President Biden has, however, repeatedly promised not to increase taxes on households making less than $400,000 a year. And his budget does indeed propose raising all the additional money via higher receipts from corporations and high-income individuals.

It’s worth noting, by the way, that the two proposals that have attracted the most attention — raising the corporate tax rate, which Donald Trump cut from 35 to 21 percent, up to 28 percent, and raising the top individual rate back to 39.6 percent — account for only a fraction of the proposed revenue increase (just over a quarter). Most of the money is supposed to come from closing loopholes and eliminating perceived inequities — things like giving the I.R.S. the resources to crack down on wealthy tax cheats, eliminating rules that allow many capital gains to go completely untaxed and closing off some of the major avenues for corporate tax avoidance.

Still, is trying to “build back better” by taxing only the very affluent feasible? Is it wise? Could it be done more effectively?

My answer is yes to the first two questions, if you assume — as I think we should — that given the political realities Biden needs to keep his ambitions fairly modest. The answer to the third is, it’s complicated.

There are, as I see it, three main critiques of Biden’s tax approach, two of which deserve to be taken seriously.

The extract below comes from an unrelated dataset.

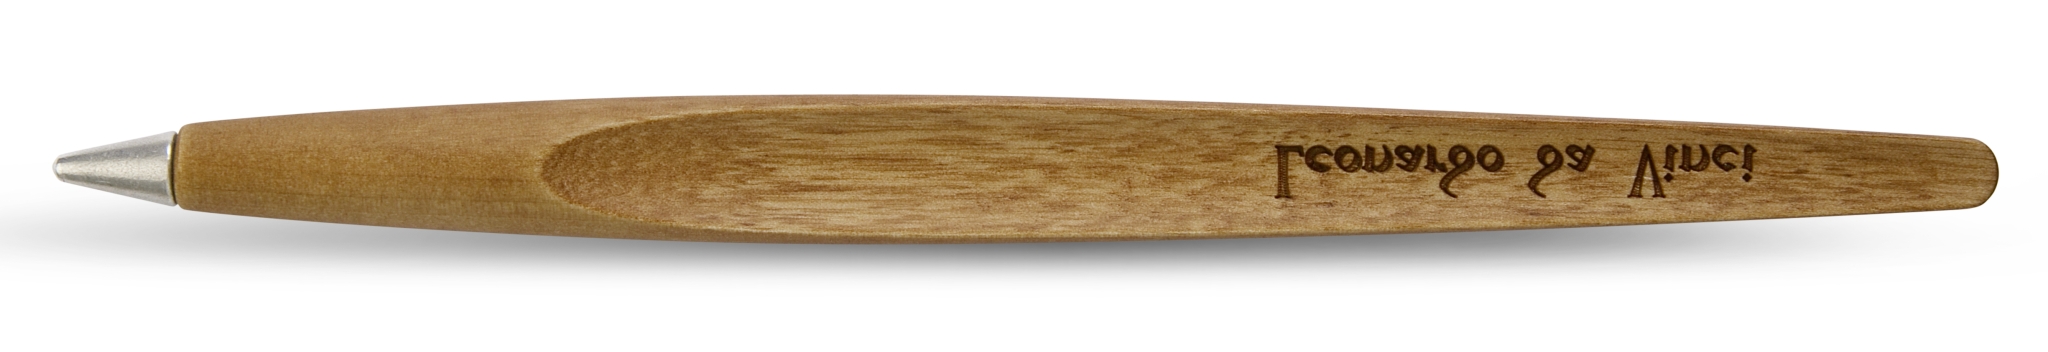 Вечная ручка Pininfarina Piuma LEONARDO PEAR WOOD, серебристый, сталь, дерево груша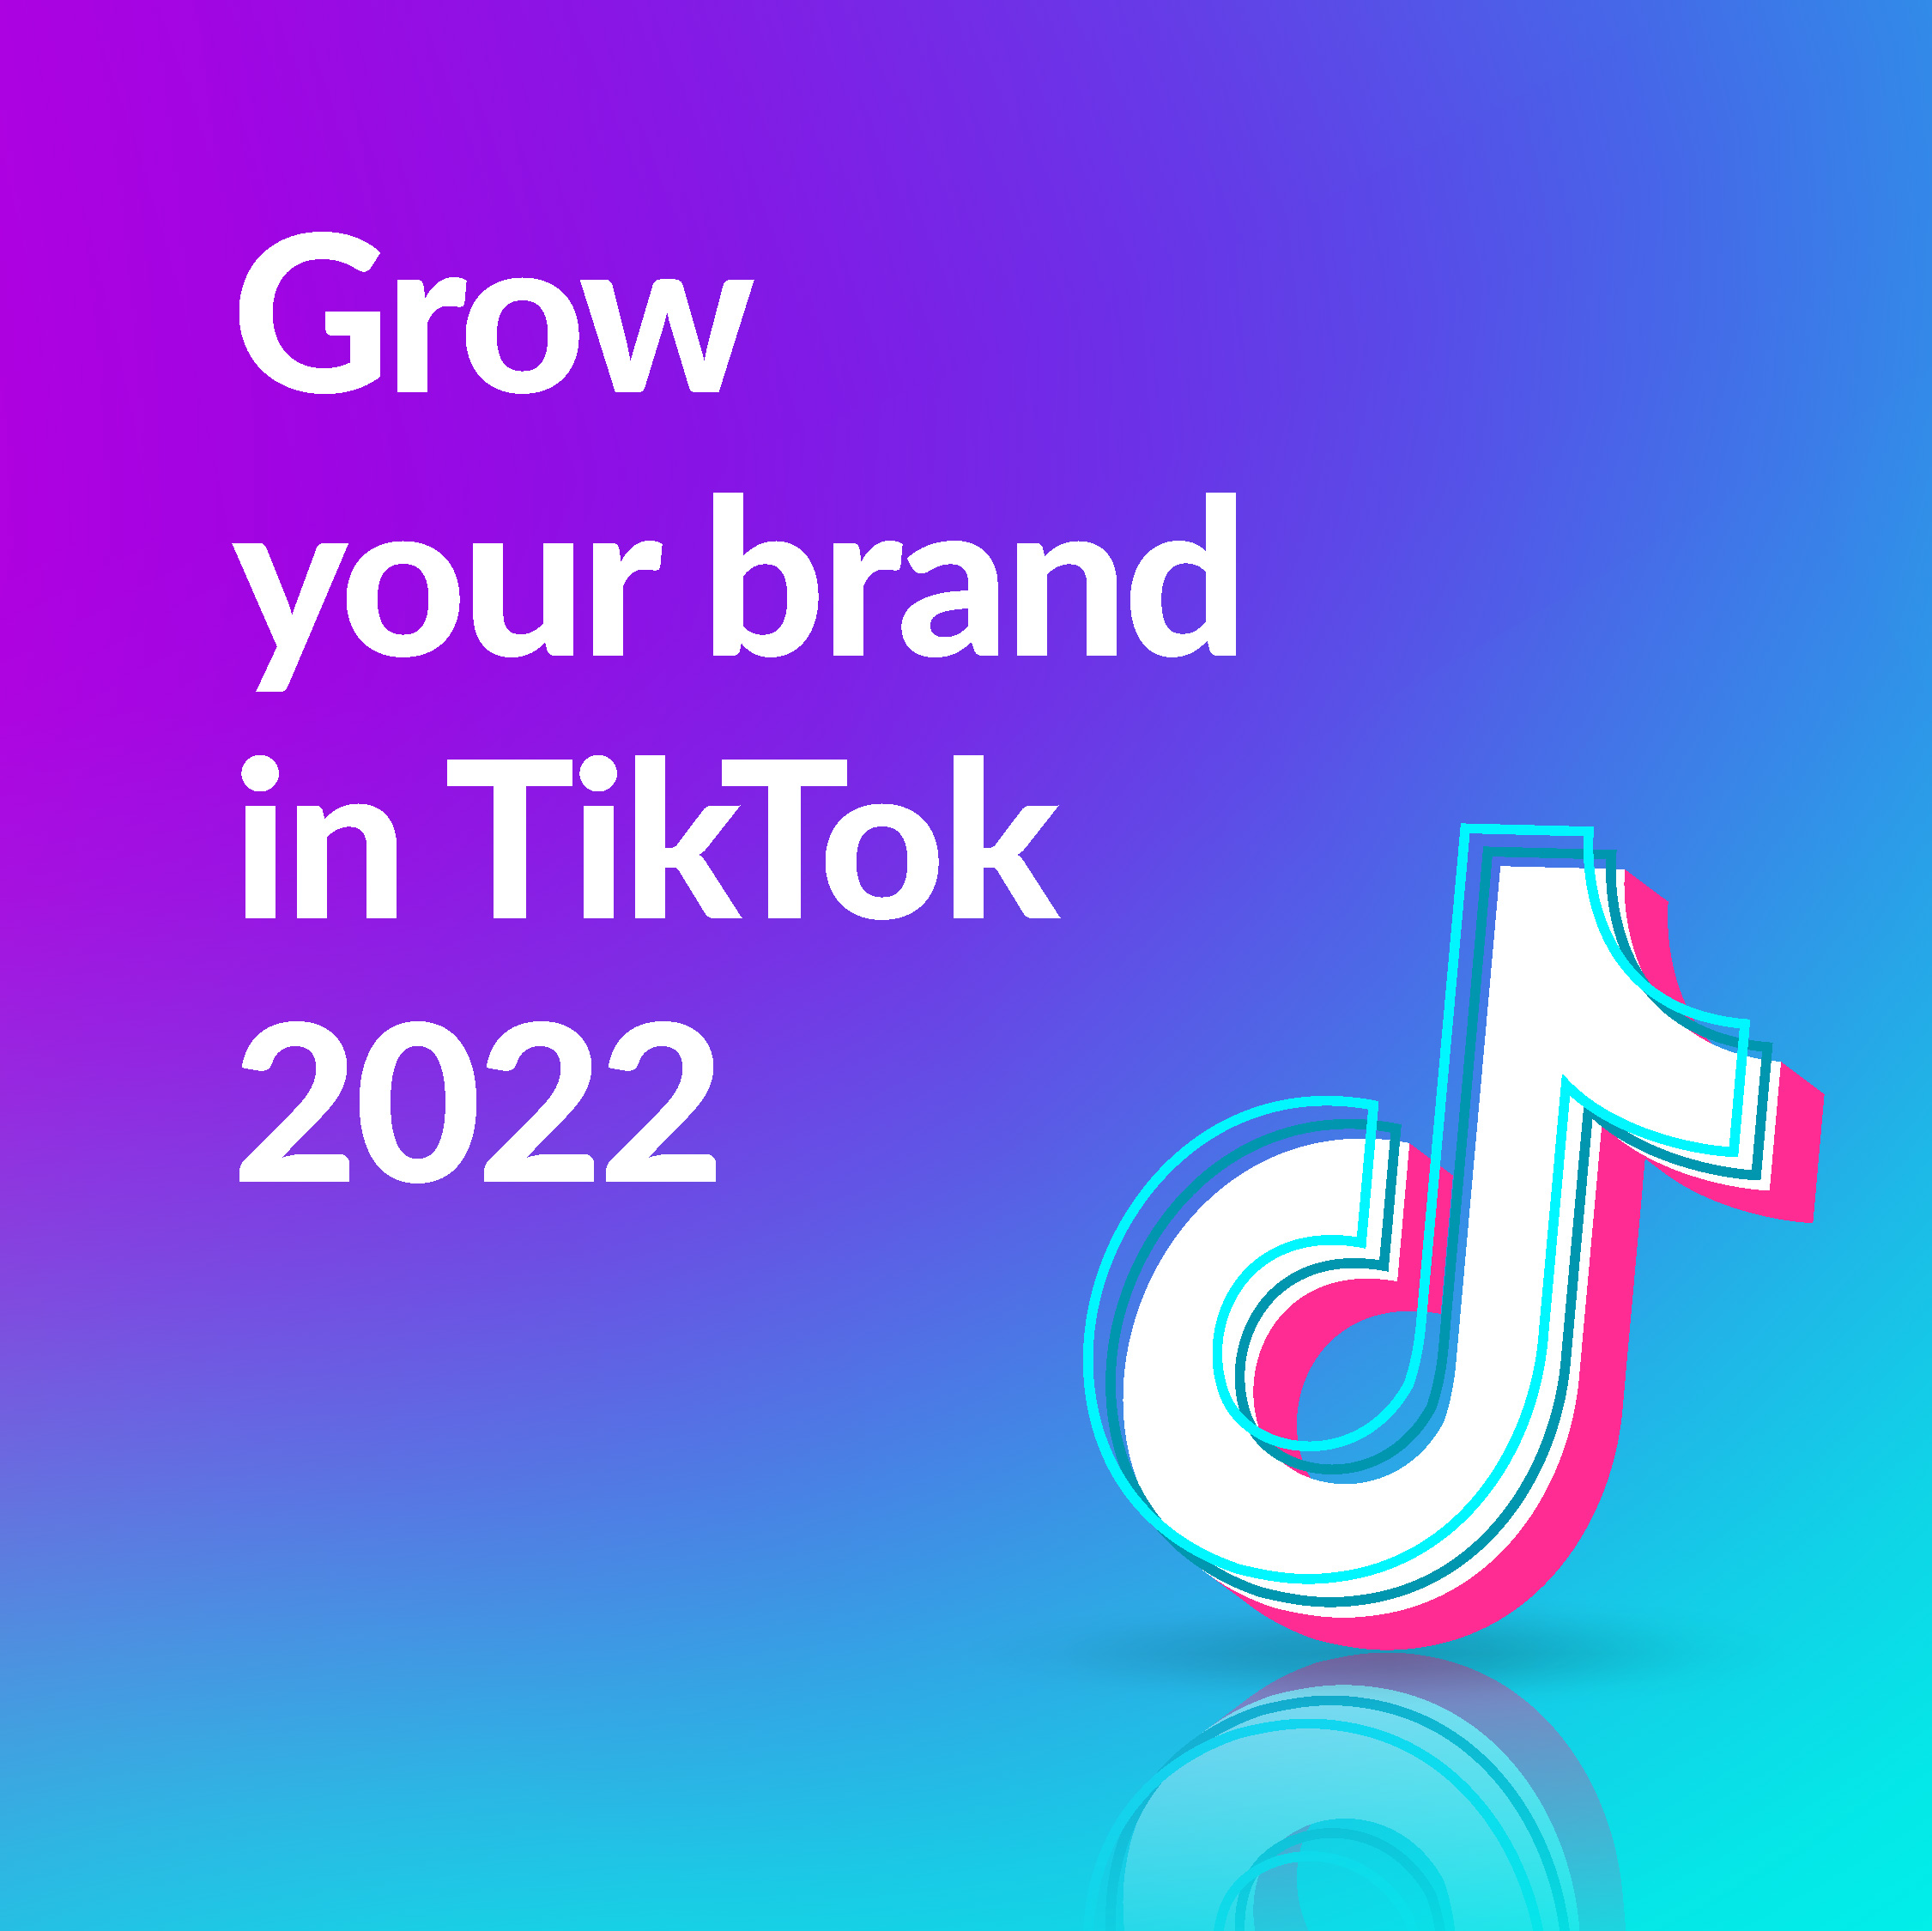 Grow your brand in Tiktok 2022

The unserious critique is the claim that raising taxes on corporations and high incomes would cripple the economy. Assertions that prosperity depends on keeping taxes at the top low have been refuted by experience time and time again — most recently in the failure of the Trump tax cuts to deliver the promised immense investment boom.

The only reason the obsession with low taxes for the rich retains any influence is that keeping this zombie shambling around serves the interests of corporations and the wealthy. So let’s not waste time on it.

A far more serious critique of Biden’s approach comes from the left. There’s a good case that the kind of society progressives want us to become, with a very strong social safety net, can’t be paid for just by taxing the rich. A country like Denmark, for example, does have a high top tax rate (although it’s not that much higher than the effective tax rate facing high-income New Yorkers, who pay state and city as well as federal taxes). But Denmark also has very high middle-class taxation, in particular a 25 percent value-added tax, effectively a national sales tax.

And the fact that even the Nordic countries feel compelled to raise a lot of money from the middle class suggests that there are limits — much higher than conservatives claim, but limits nonetheless — to how much you can raise just by taxing the rich.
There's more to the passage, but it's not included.